Kevin McCaffrey, author of the Emma Boylan crime series, has started a new blog here.   

Do have a browse round his blog because you will find reviews of his books and discover the man is a talented painter as well as fine crime writer. You can read my review of The Cat Trap here, and a review of his latest Emma Boylan novel No Curtain Call here

Preview: Absolute Zero Cool

Posted: July 16, 2011 in Intro, Ireland, notes

I met Declan Burke at Crime Fest in 2008 and realised at once that he was a very funny man. I  have even forgiven him for trying to pass me off as Salman Rushdie,  and claim a $10  million bounty from the Iranian Embassy. It is great news that his new book Absolute Zero Cool has its official launch on August 10th at the Gutter Bookshop, Temple Bar, Dublin. 

Below some of the early praise for Absolute Zero Cool, and my own review of The Big O.

More information at Declan’s blog Crime Always Pays.

“A genuinely original take on noir, inventive and funny. Imagine, if you can, a cross between Flann O’Brien and Raymond Chandler.” – John Banville, author of THE SEA

Who in their right mind would want to blow up a hospital?

            “Close it down, blow it up – what’s the difference?”

            Billy Karlsson needs to get real. Literally. A hospital porter with a sideline in euthanasia, Billy is a character trapped in the purgatory of an abandoned novel.
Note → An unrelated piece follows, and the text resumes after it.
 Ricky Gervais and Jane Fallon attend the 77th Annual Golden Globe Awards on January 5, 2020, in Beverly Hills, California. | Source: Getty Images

Deranged by logic, driven beyond sanity, Billy makes his final stand: if killing old people won’t cut the mustard, the whole hospital will have to go up in flames.

            Only his creator can stop him now, the author who abandoned Billy to his half-life limbo, in which Billy schemes to do whatever it takes to get himself published, or be damned . . .
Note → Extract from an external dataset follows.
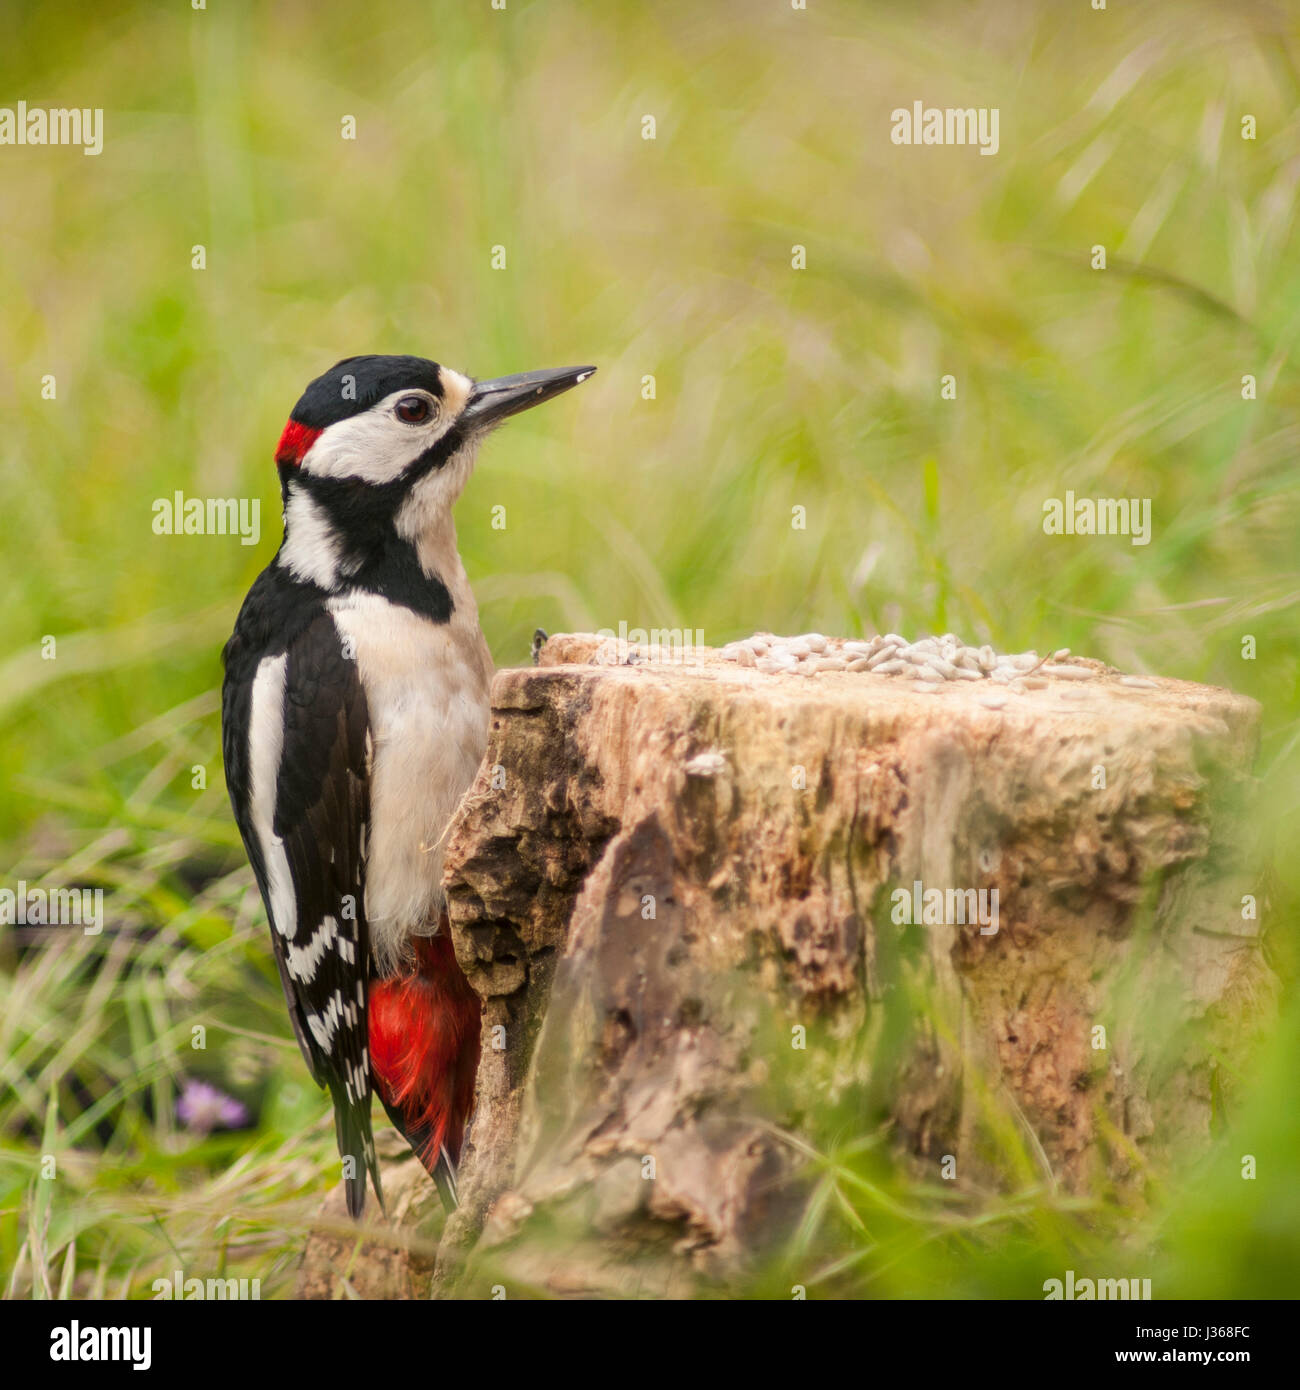 A Great Spotted Woodpecker (Dendrocopos major) on a log in the uk Stock Photo

“ABSOLUTE ZERO COOL is unlike anything else you’ll read this year … Laugh-out-loud funny … This is writing at its dazzling, cleverest zenith. Think John Fowles, via Paul Auster and Rolling Stone … a feat of extraordinary alchemy.” – Ken Bruen, author of AMERICAN SKIN

“Stop waiting for Godot – he’s here. Declan Burke takes the existential dilemma of characters writing themselves and turns it on its ear, and then some. He gives it body and soul … an Irish soul.” – Reed Farrel Coleman, author of EMPTY EVER AFTER

Here is my own review of Declan Burke’s wonderfully amusing debut novel The Big O:

Over the holiday period I read Declan Burke’s novel The Big O.
Frank a crap plastic surgeon has problems, with an ex wife, twin daughters, and the medical ethics committee, all on his back. His golf is not too good either.
He decides to arrange the kidnapping of his ex wife Madge, in an insurance scam, and pocket the ransom money less the kidnappers’ fee.
Frank’s receptionist Karen moonlights sticking up gas stations, and during one of these stick- ups meets hunky Ray, a decorator, who happens to be also the designated kidnapper of Madge. Madge and Karen are friends and Karen’s ex boyfriend Rossi Francis Assisi Callaghan is just out of the slammer and is looking for Karen, his 44, his Ducatti and his stash.
Frank is then mugged by Rossi and cop Stephanie Doyle enters the scene and develops a thing for Ray. Then Doug, Frank’s insurance broker,who is sleeping with Madge gets in the way of a golf ball hit by Frank…….
Confused no way, and I haven’t even introduced Anna yet.
Rossi’s partner in crime is called Sleeps because he suffers from narcolepsy, but I can guarantee you won’t fall asleep reading The Big O.
This book is a blunt, rude, crude, politically incorrect, raucus, rumbustious, rollicking, romp of a crime caper novel. The characters are larger than life and the action is convoluted and non-stop. I certainly admire the chutzpah of Declan in writing this, because among all the other stuff….
“He actually said he’d staple your tits together?”….Doyle thinking how they’d need to be big staples,…..
there is a lot of wit and wisdom.
That was when it finally dawned on him: it’s not the way a woman looks, it’s the way she looks at you.
And other gems:
“And you’ve trained for this? Done courses and shit?”
“Believe it. At the university of fucking hard knocks.”
“So you’re not actually, y’know, qualified.”……..
“See, this is the beauty of it,” Rossi said. “Know what kind of qualifications you need to start a charity?”
The Big O is a loveable rogue of a novel and while it is not literature you will have a lot more fun reading it than some labyrinthine incomprehensible Booker prize winner.